Mayor's Office of Employee Assistance
When you are caring for an elderly person, particularly one who has great difficulty moving
around, you will sometimes have to transfer him or her from place to place. The person may be
in a wheelchair and need to be transferred to a bed. Or perhaps she or he uses a walker and
needs to be transferred to a car.
Although the specific actions needed will depend on the health conditions and situation at
hand, there are general recommendations for moving physically disabled people. Consult with a
professional to make sure you are using the proper techniques.
When helping a person using a walker into a vehicle, position the person so that their strongest side or strongest foot is the one with which he or she steps first into the car. Always keep eye contact and speak to the person
Maintain eye contact and communicate verbally with the person you will be transferring. This will make the situation more relaxed, preparing
the person for what is to come. It will also give them a chance to communicate any problems or pain. Ask when the person is ready to be moved, and let him or her know what you’ll be doing at each stage.
Follow Proper Lifting Techniques
If the transferal involves lifting, it is
vital for your safety and the safety of the person you’re lifting that you follow proper lifting techniques. Lock the wheels and make sure the pathway is clear. Put your feet 10 to 12
inches apart, with one foot a little ahead of the other. Bend your knees, placing more weight on your front foot. Grasp the person, wrapping
your arms around his or her body under his or her arms. As you stand, keep your upper body straight, and when carrying the person, keep him
or her close to your body, near your waist. When turning, move your feet; do not twist your back. Lower the person at the proper destination,
bending your knees and keeping your upper body straight.
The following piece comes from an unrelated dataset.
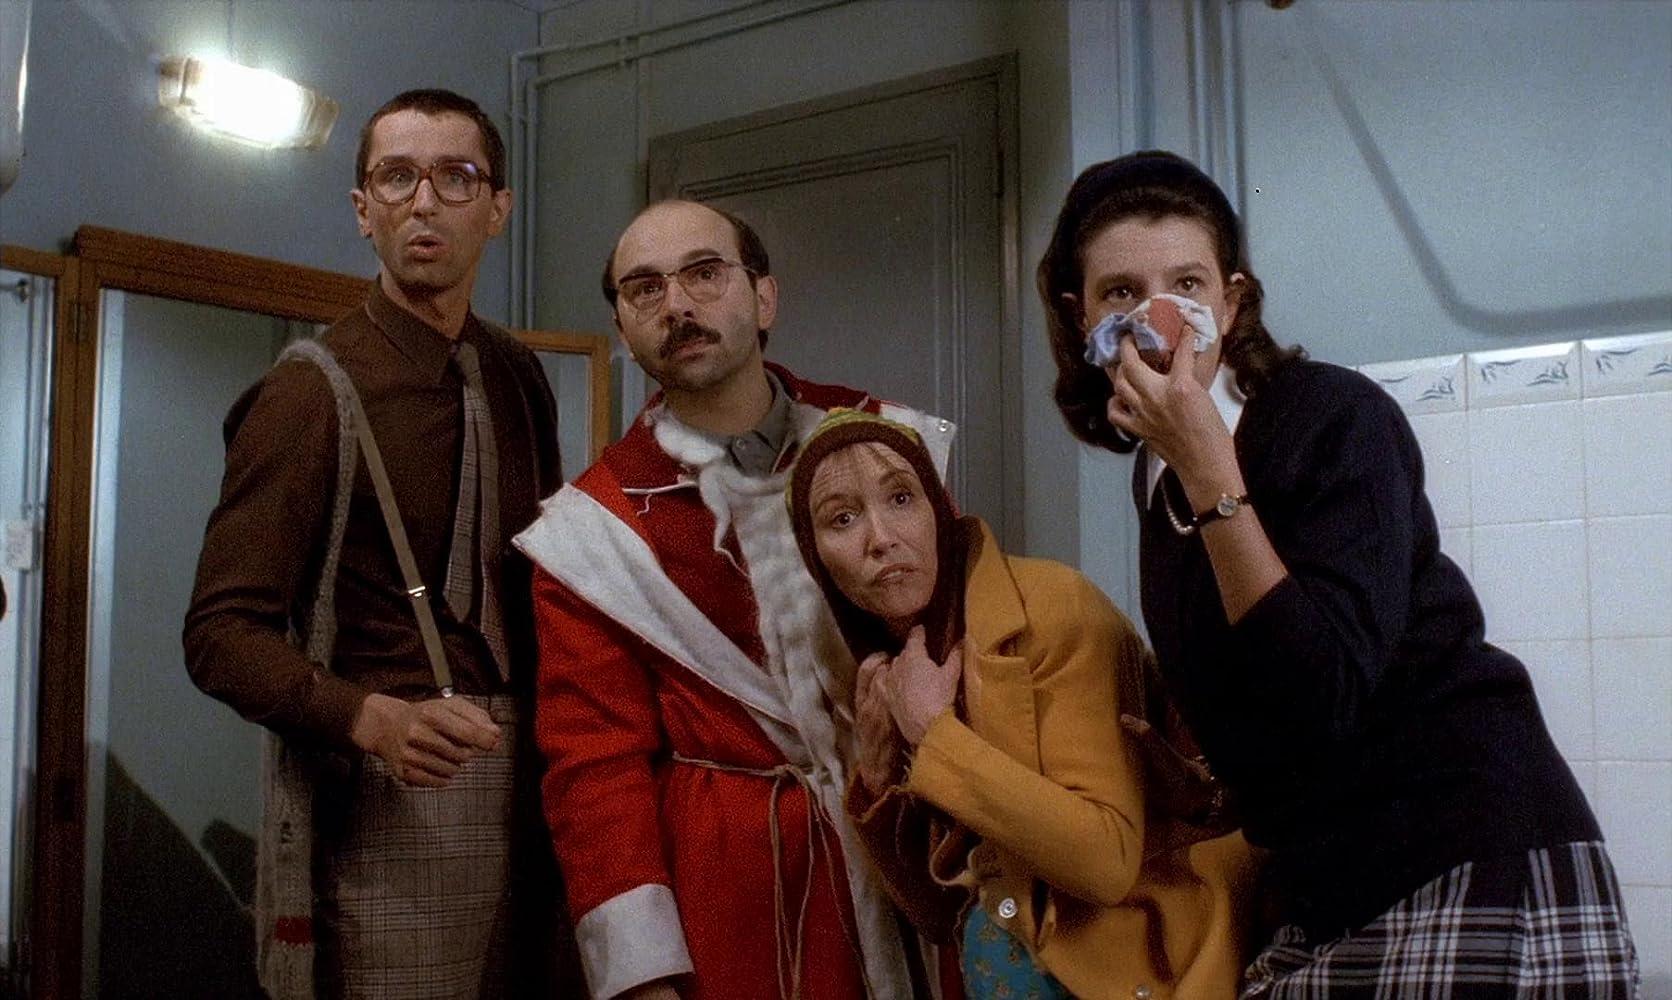 Anémone, Marie-Anne Chazel, Gérard Jugnot, and Thierry Lhermitte in Le père Noël est une ordure (1982)
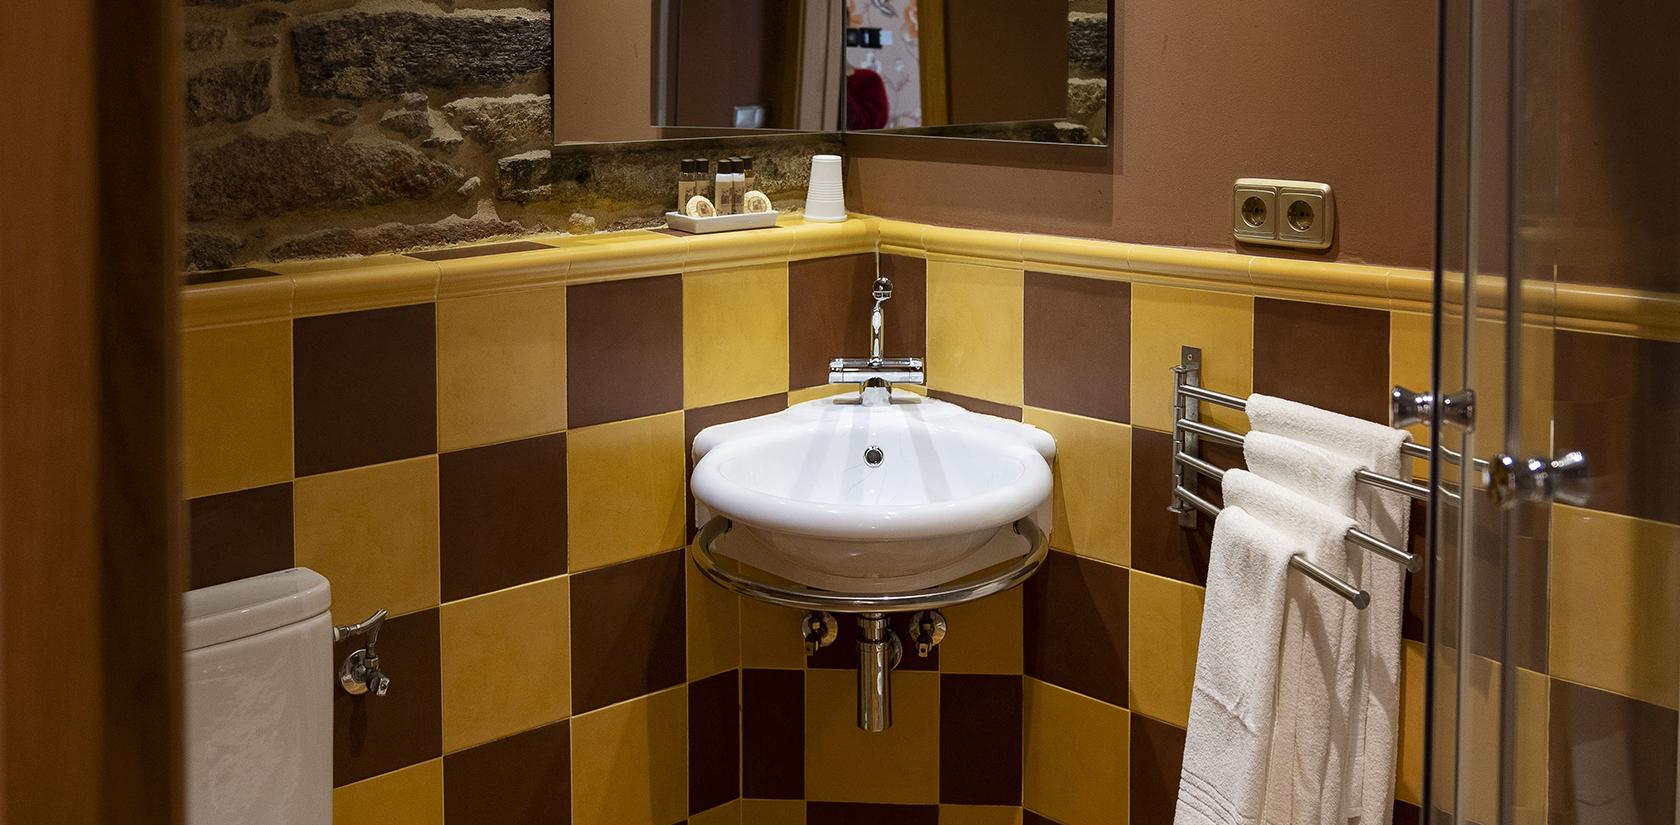 Habitación Ons, detall del baño

Use the Person’s Strengths and Abilities
If the person you’re transferring is not completely immobile, your role will be to work with the elder’s ability to transfer him or herself. If you don’t know already, ask which part
of their body is strongest or most able, and then help the person use this to their advantage. For instance, when moving a walker-bound person
from a standing position to a seated position in a car, you can position the walker in such a way
that the person’s strong side or strong foot is the one with which he or she steps first into the car. This procedure can also be useful when
moving a person from a seated or standing position into a wheelchair.